By far, the most advanced use of the Bioperl toolkit has come through the EnsEMBL (Hubbard et al. 2002) project. The basic sequence handling, file format parsing, and sequence features for annotation model have been used as building blocks for automatically annotating the Danio rerio, Drosophila melanogastor, Takifugu rubripes, Homo sapiens, Anopheles gambiae, and Mus musculus genomes (http://www.ensembl.org).
Additionally, the Genquire (Wilkinson et al. 2002) annotation package is built on top of the Bioperl object model and stores sequence and annotation data in a relational database. The interactive sequence-rendering capabilities are partitioned into a specific Bioperl package called bioperl-gui.
The Generic Model Organism Browser (GBrowse) (L.D. Stein, A. Day, T. Harris, A. Arva, S. Shu, S. Lewis, and C. Mungall, in prep.), Distributed Annotation System Perl (DAS) server (Dowell et al. 2001), and TFBS (Lenhard and Wasserman 2002) all use the Bioperl object model to describe sequences and Bioperl tools to complete analyses. The GBrowse system is a Web interface to databases of features for a genome project. The DAS system provides researchers a means to annotate sequences locally and publish the annotations to the community via the DAS XML protocol. TFBS provides a Perl implementation of objects for DNA sequence pattern representation by matrix profiles, with associated methods for searching the sequences for the occurrence of patterns, pattern storage, and generation of new patterns. The implementation uses Bioperl sequence, alignment, sequence features, and feature pair objects.
Interoperability
Sometimes the best solution for a bioinformatics problem is a hybrid of multiple tools. Providing interoperability between languages allows a programmer using the toolkit to build components using work done in other languages and projects. These tools, written in different programming languages such as C, Java, and Python, can be used within a Perl program simply by invoking them (a process often called shelling out). In some situations, these tools require that data be available in a certain format or within a certain database. Bioperl provides software layers that can, for example, populate a database with sequence information that can be accessed and used to generate an interactive graphical interface provided by the Biojava toolkit. In other cases, Bioperl is used to create files in a format recognized by other programs so that they can perform their analyses.

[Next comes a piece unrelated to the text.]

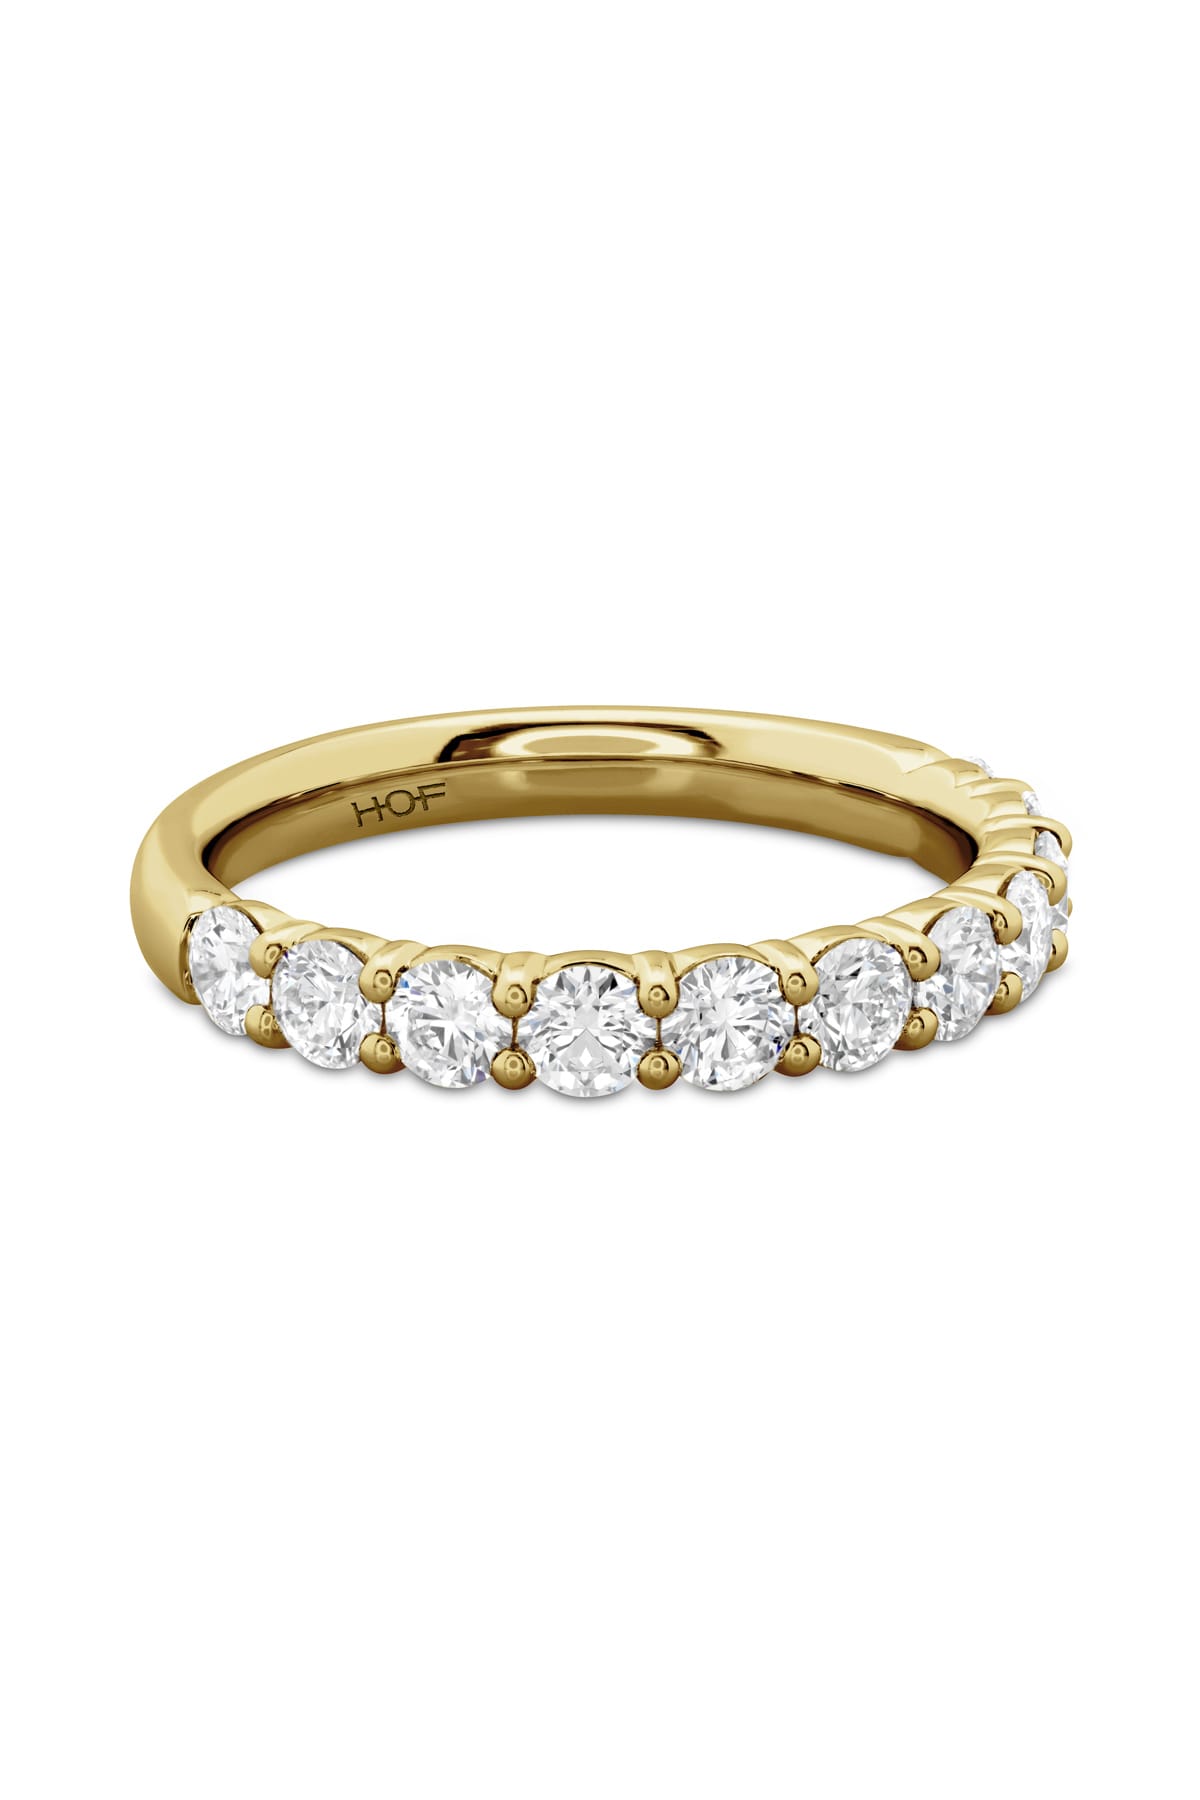 Signature 11 Stone Band From Hearts On Fire available at LeGassick Diamonds and Jewellery Gold Coast, Australia.
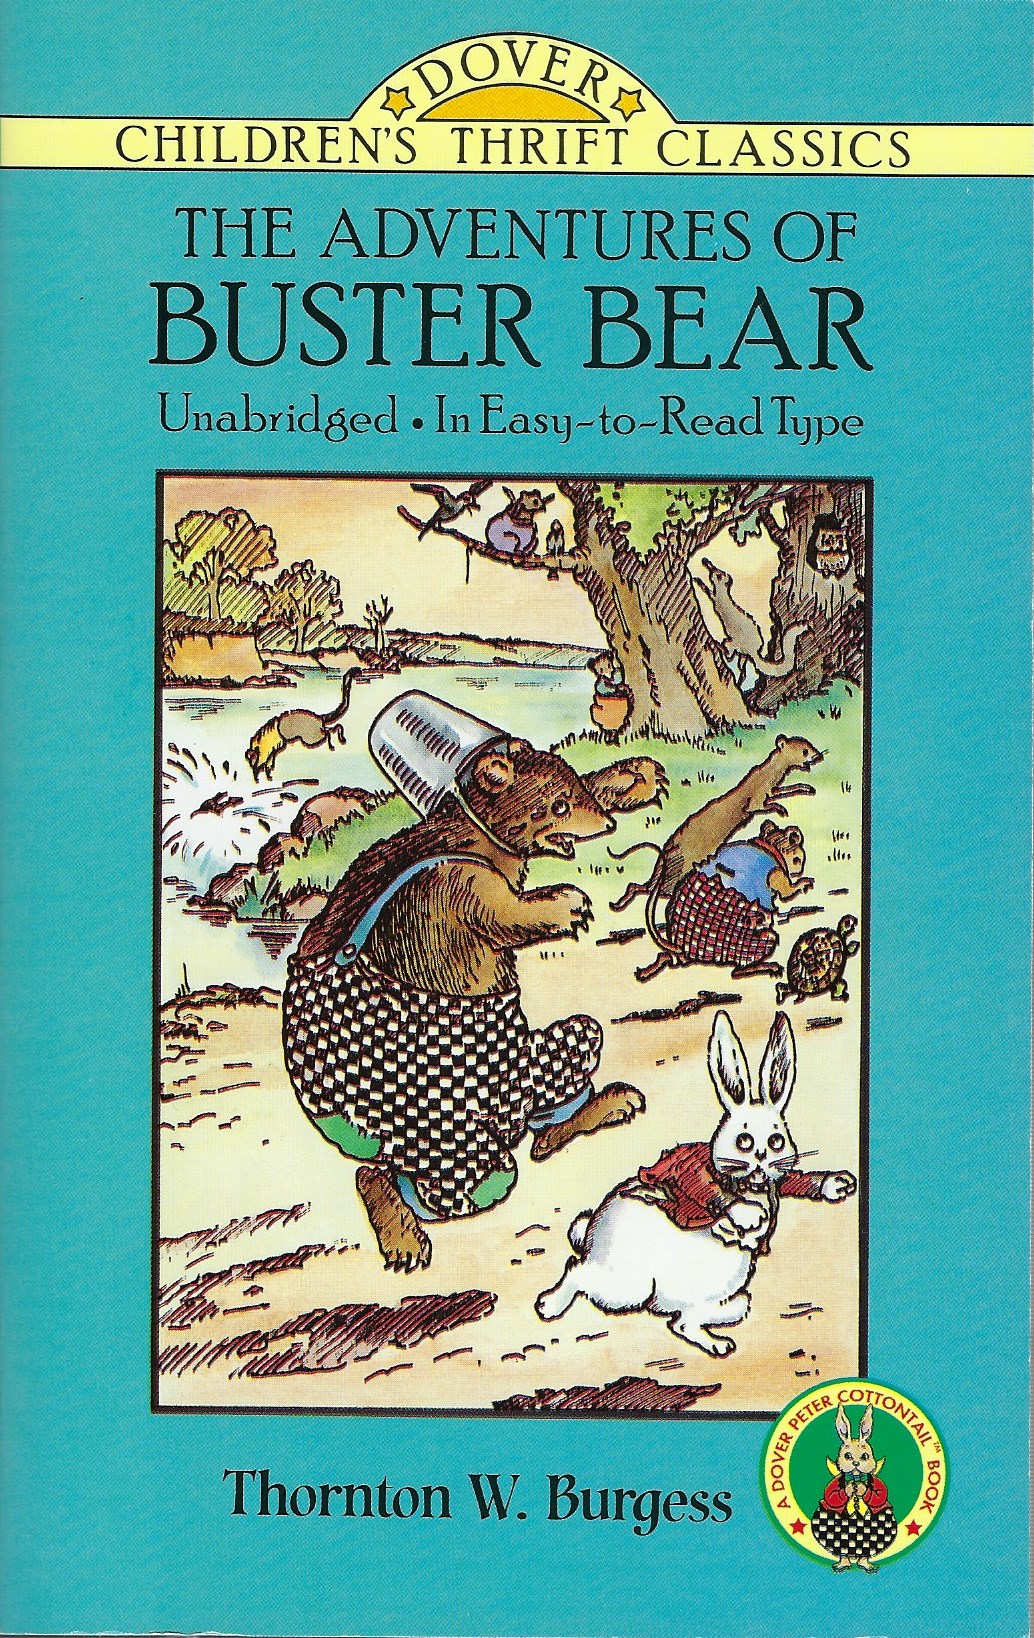 THE ADVENTURES OF BUSTER BEAR Thornton W. Burgess

Bioperl also supports a number of Extensible Markup Language (XML) standard data exchange formats accepted in the Bioinformatics community. Previous work has outlined scenarios in which XML has been useful in a biological context (Achard et al. 2001). XML standards supported by Bioperl include the sequence markup formats Bioinformatics Sequence Markup Language (BSML; http://www.bsml.org) and Berkeley Drosophila Genome Project's (http://www.fruitfly.org) Genome Annotation Markup Elements (GAME; http://www.bioxml.org/dtds/index.html), NCBI BLAST XML for BLAST reports, and the bibliographic standards Medline XML provided by the European Bioinformatics Institute's Bibliographic Query Service (BQS; http://industry.ebi.ac.uk/openBQS/) and Entrez Pubmed XML format (Wheeler et al. 2002). By supporting these XML-based formats, programs using Bioperl are able to process data from a growing number of data sources that have adopted them as their standard. Furthermore, the extensible nature of XML allows new features to be added to the data formats without breaking existing parsers and code.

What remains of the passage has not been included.